Whether the Minoan culture was more brilliant than that of Egypt is highly questionable at best, but on the other points Hall seems to just about to hit the mark. Evans, again, indeed considered Egypt and Libya as the springboards of Minoan civilization; so much so that he structured his own Minoan chronology on that of dynastic Egypt. He was particularly struck by the similarities in the contents of the of the tombs of the ancient Minoans and Egyptians:
"So numerous, in fact, are the points, of comparison presented by the contents of these early interments with those of pre dynastic Egypt that, far-fetched as the conclusion might appear at first sight, I was already some years since constrained to put forth the suggestion that about the time of the conquest of the lower Nile Valley by the first historic dynasty some part of the older population had actually settled in this southern foreland of Crete."
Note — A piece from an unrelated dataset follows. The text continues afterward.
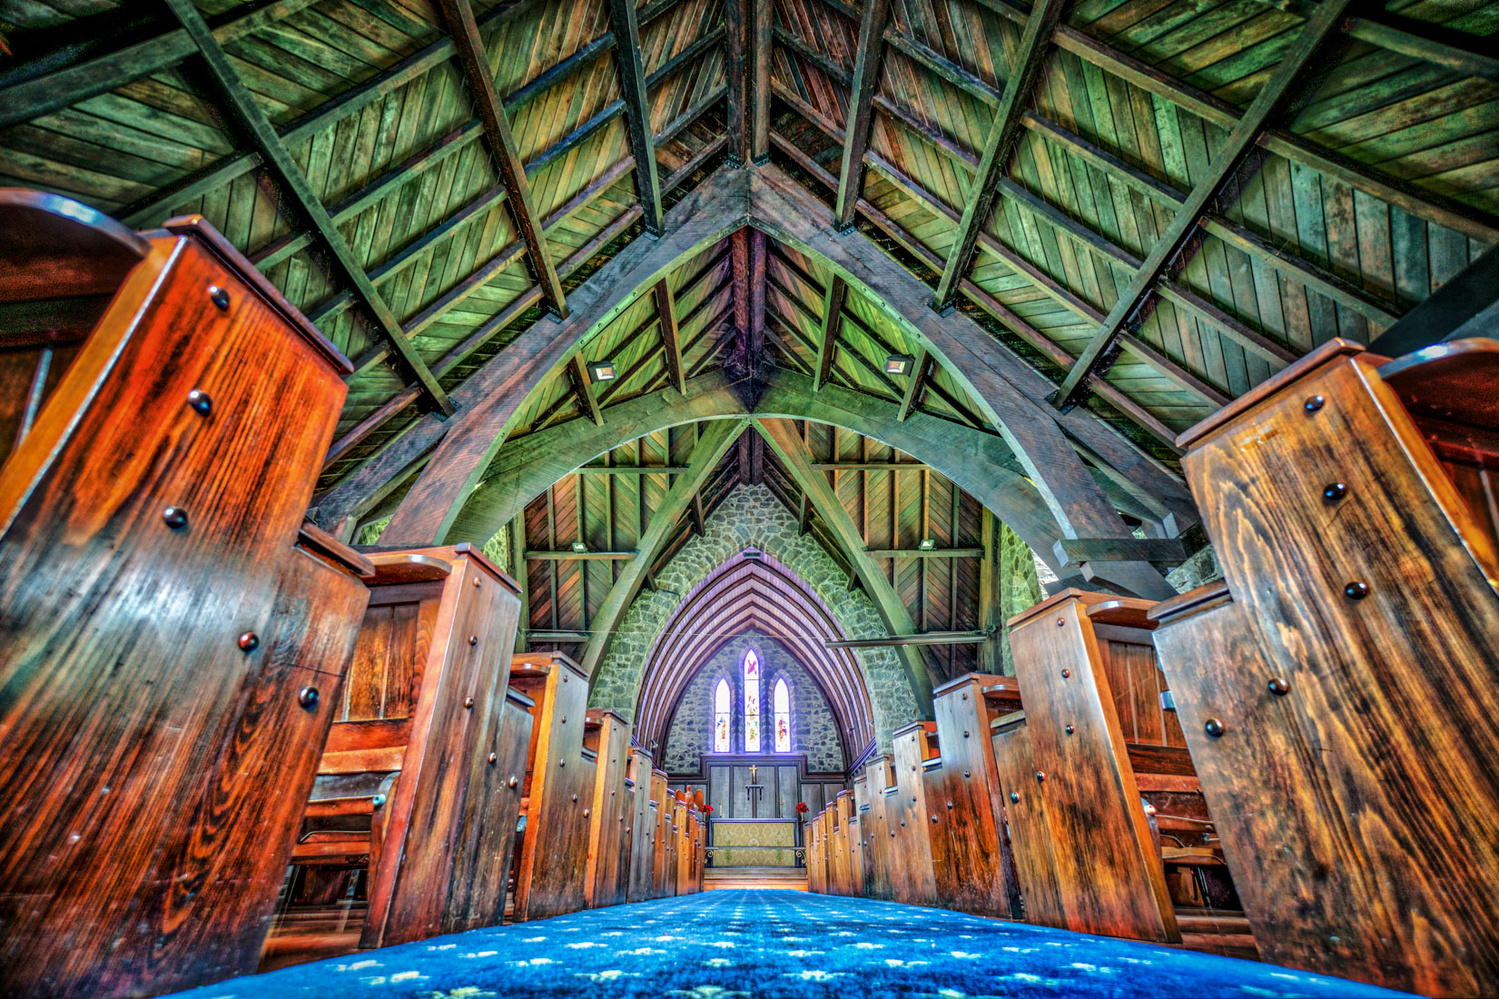 St Paul's Anglican Church by Keir Briscoe

Gordon Childe also commented on the relations between Crete and pre dynastic Egypt:
"At least on the Mesara, the great plain of southern Crete facing Africa, Minoan Crete's indebtedness to the Nile is disclosed in the most intimate aspects of its culture. Not only do the forms of early Minoan stone vases, the precision of the lapidaries' technique and the aesthetic selection of variegated stones as his materials carry on the the pre dynastic tradition, Nilotic religious customs such as the use of the sistrum, the wearing of amulets in the forms of legs, mummies and monkeys, and statuettes plainly derived from Gerzean `block figures,' and personal habits revealed by depilatory tweezers of the Egyptian shape and stone unguent palettes from the early tombs and, later, details of costumes such as the penis-sheath and loin-cloth betoken something deeper than the external relations of commerce."
Cretan/Egyptian contacts pick up again in the sixteenth and fifteenth centuries B.C. During the reigns of Egyptian monarchs Makare Hatshepsut and Thutmose III (1504-1447 B.C.) the people of Crete, whom the Egyptians called Keftiu, were graphically portrayed as tribute bearers on the walls of the tombs of the Egyptian nobility.